# I get to be first!!!



## Loke (Sep 7, 2007)

So I get to be the first to post up a picture of the greatest hunting dog on earth (in my humble opinion).


----------



## 4x4 Bronco (Sep 7, 2007)

that's a fine looking dog ya got there :!:


----------



## 12 Volt Man (Sep 7, 2007)

Who in the world would ever want a Chessie?  

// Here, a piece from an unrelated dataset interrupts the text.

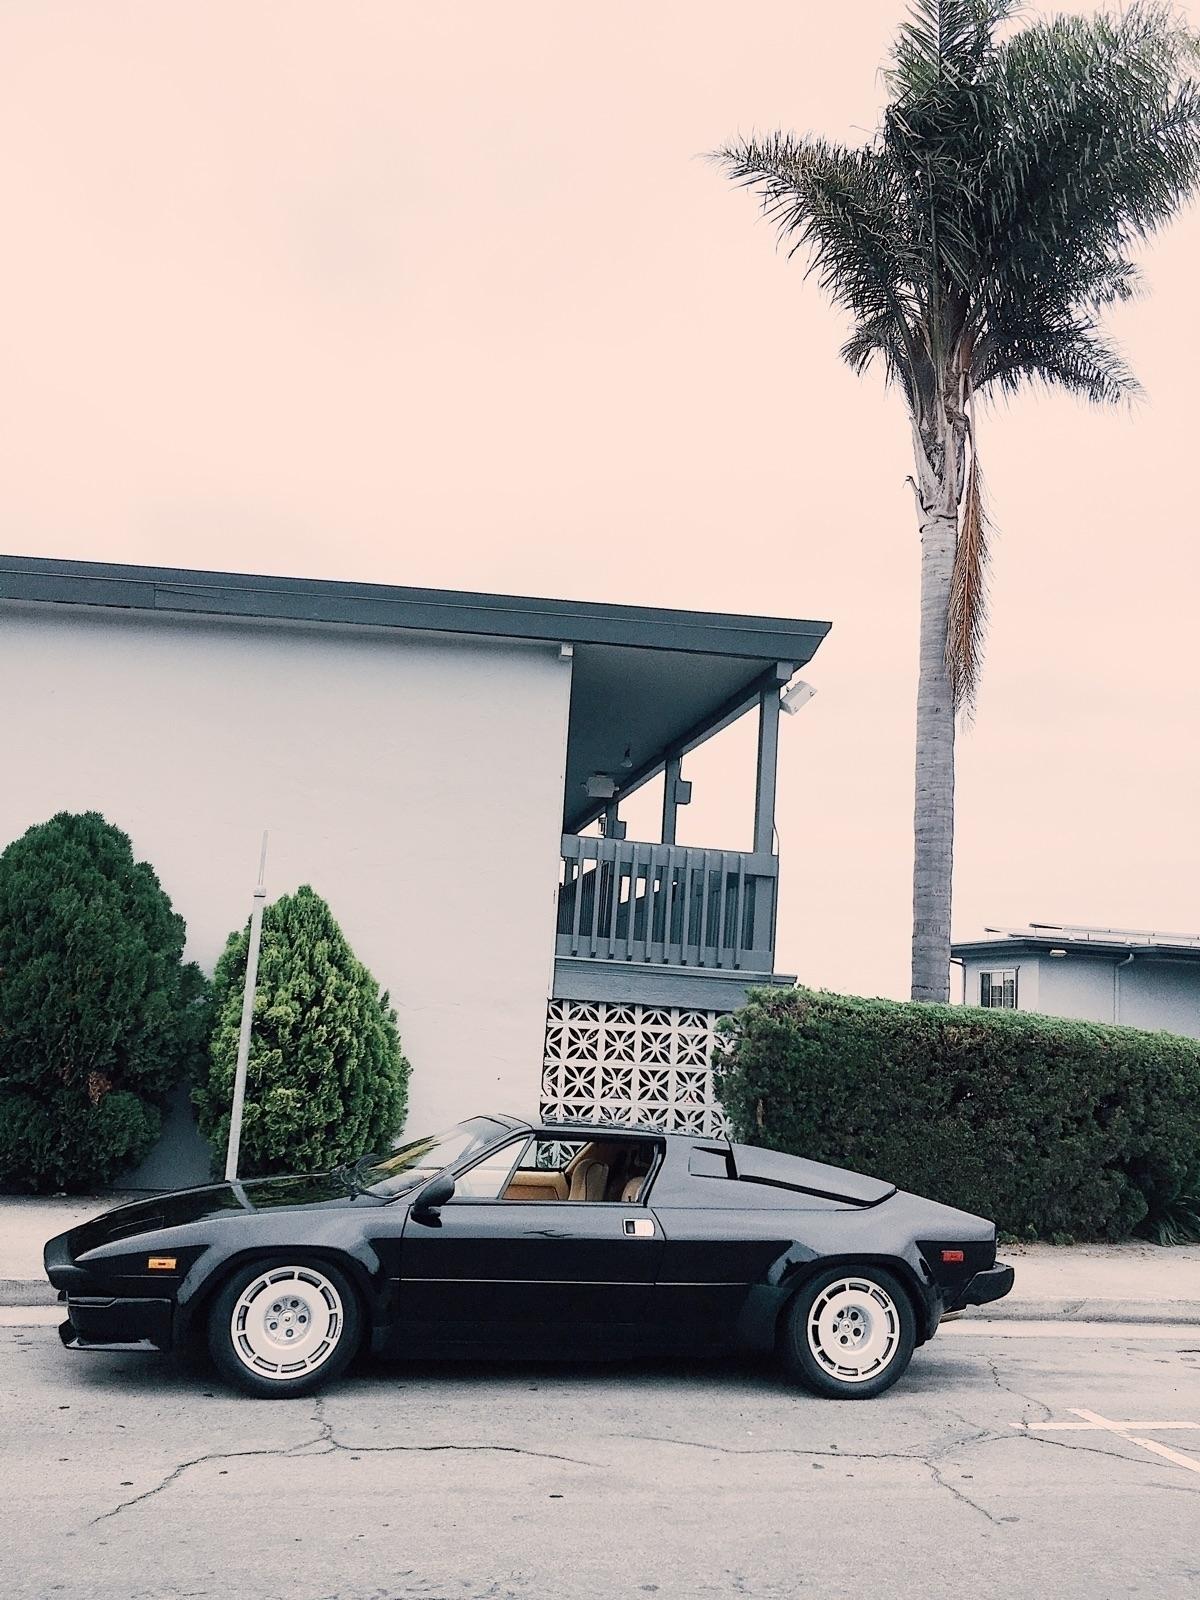 1 410 Lamborghini Jalpa - 1988, lamborghini - tramod | ello

There that feels more like the old place.  :mrgreen:


----------



## Loke (Sep 7, 2007)

Elkhuntingfool said:


> Is that a lab :lol:


I had some woman comment to me once while I was walking Shasta that she had never seen a Lab with curly hair. I told her that she still hadn't.


----------



## Loke (Sep 7, 2007)

12 Volt Man said:


> Who in the world would ever want a Chessie?
> 
> There that feels more like the old place.  :mrgreen:


and if you keep that up, I'll have to use these :evil: :twisted: :evil: :twisted: :evil: :twisted: :evil: :twisted: :evil: :twisted: :evil: :twisted: :evil: :twisted: :evil: :twisted: :evil: :twisted:


----------



## Loke (Sep 7, 2007)

So, no one else wants to post a picture of their dog. I understand. It is tough to compete with my Chessie. :wink: :wink:


----------



## Grandpa D (Sep 7, 2007)

What's tough is posting a dang picture!


----------



## Loke (Sep 7, 2007)

Just like on the old site, or even easier. you can click on the "upload attachment" tab under the box where you write your text, and load them directly from your computer. They just can't be too big.


----------



## STEVO (Sep 13, 2007)

Youve seen this one before, but sorry I dont have many pics from a digital I can post. i have plenty of prints though.
I agree with you Loke, Best dogs on the planet!!!!!!


----------



## dkhntrdstn (Sep 7, 2007)

this there bed they think.


----------



## Donnerhund GWPs (Sep 12, 2007)




----------



## chuckmiester (Sep 9, 2007)

i really like the first pic. dkhntrdstn. it kind of reminds me of one of my labs. she wont sleep on anything unless theres a pillow for her, but she really enjoys our beds.


----------



## hessian (Sep 21, 2007)

[attachment=0:992b7]IM000684.JPG[/attachment:992b7][attachment=1:992b7]IM000725.JPG[/attachment:992b7][attachment=2:992b7]IM000735.JPG[/attachment:992b7] this is my future great hunter only 6 months now but wait till he grows up!


----------



## Donnerhund GWPs (Sep 12, 2007)

Ahh! another B/W Wirehair- Be still my heart!


----------



## outdoorgirl (Sep 29, 2007)

the best dogs are german wire hairs


----------



## needsomehuntn (Sep 24, 2007)

how about another chessie


----------